A former political reporter for The Charlotte Observer, Eudy first worked as a lobbyist for the N.C. Press Association, gradually shifting to more general lobbying work.
In 1994, he and public relations consultant Steve Meehan started Capital Strategies, a strategic communications firm in Raleigh. They renamed the firm Capstrat in 2004.
The company has helped promote state bond issues, a Raleigh convention center, a constitutional amendment that legalized tax-increment financing, a campaign to reduce teen smoking, among other things.
In recent months, he's given informal advice to the Obama campaign in North Carolina.

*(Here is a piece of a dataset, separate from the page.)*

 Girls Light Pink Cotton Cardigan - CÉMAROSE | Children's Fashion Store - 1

The full profile after the jump.
"Eudy's PR-lobbying firm is one-stop influence shop," by Rob Christensen
May 8, 2005
RALEIGH — Ken Eudy is a new kind of figure in the state capital --- a full-service, behind-the-scenes, political Mr. Fixit.
Need to stop teenagers from smoking? Hire Eudy. Need a mental health insurance proposal killed in the legislature? Hire Eudy. Are pesky reporters giving you headaches? Hire Eudy.

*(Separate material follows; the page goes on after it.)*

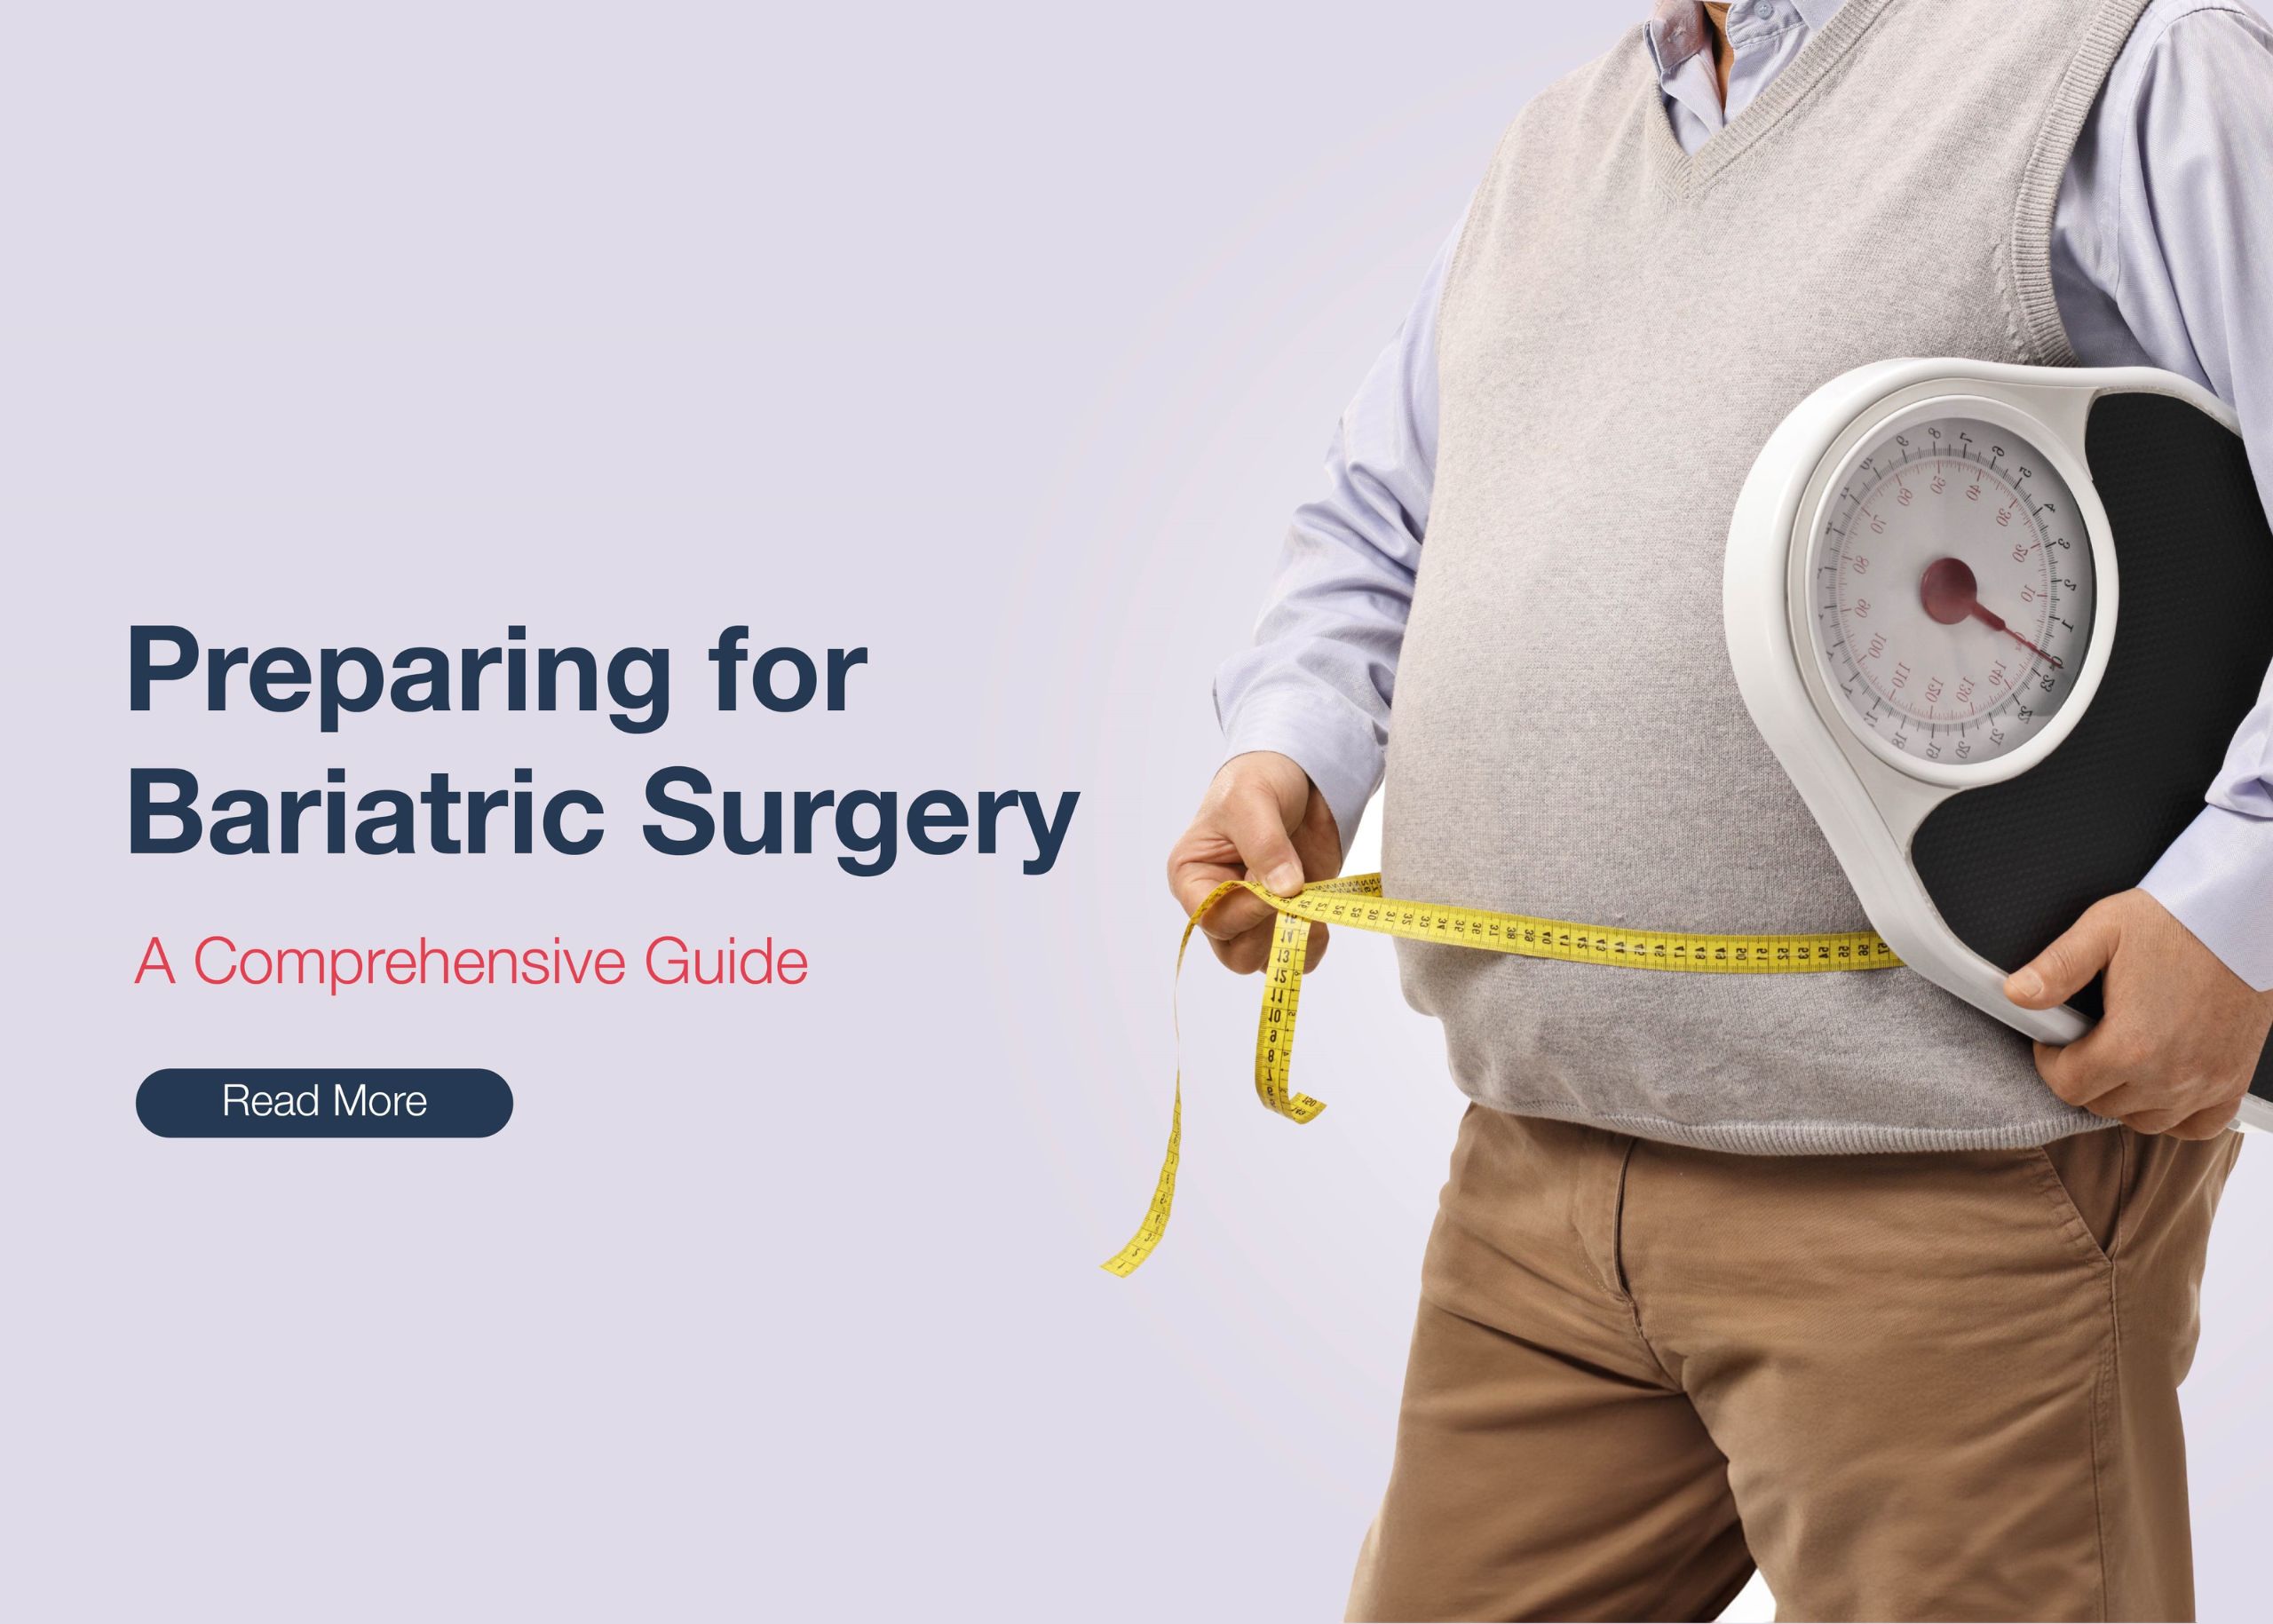 Preparing for Bariatric Surgery: A Comprehensive Guide by Medeor Hospital Dubai

Eudy, 51, is the CEO of Capstrat, where public relations, lobbying, politics and government blend to help shape public opinion and public policy in North Carolina.
- Eudy's firm has been the political strategist for passage of $6 billion worth of North Carolina bond issues since 1996.
- Capstrat is a major government contractor --- hired by state, local and federal agencies to make sure the new $192 million Raleigh convention center will be a commercial success, to polish the national image of UNC Health Systems, and to make the promotional videos telecast at halftime at UNC basketball and football games.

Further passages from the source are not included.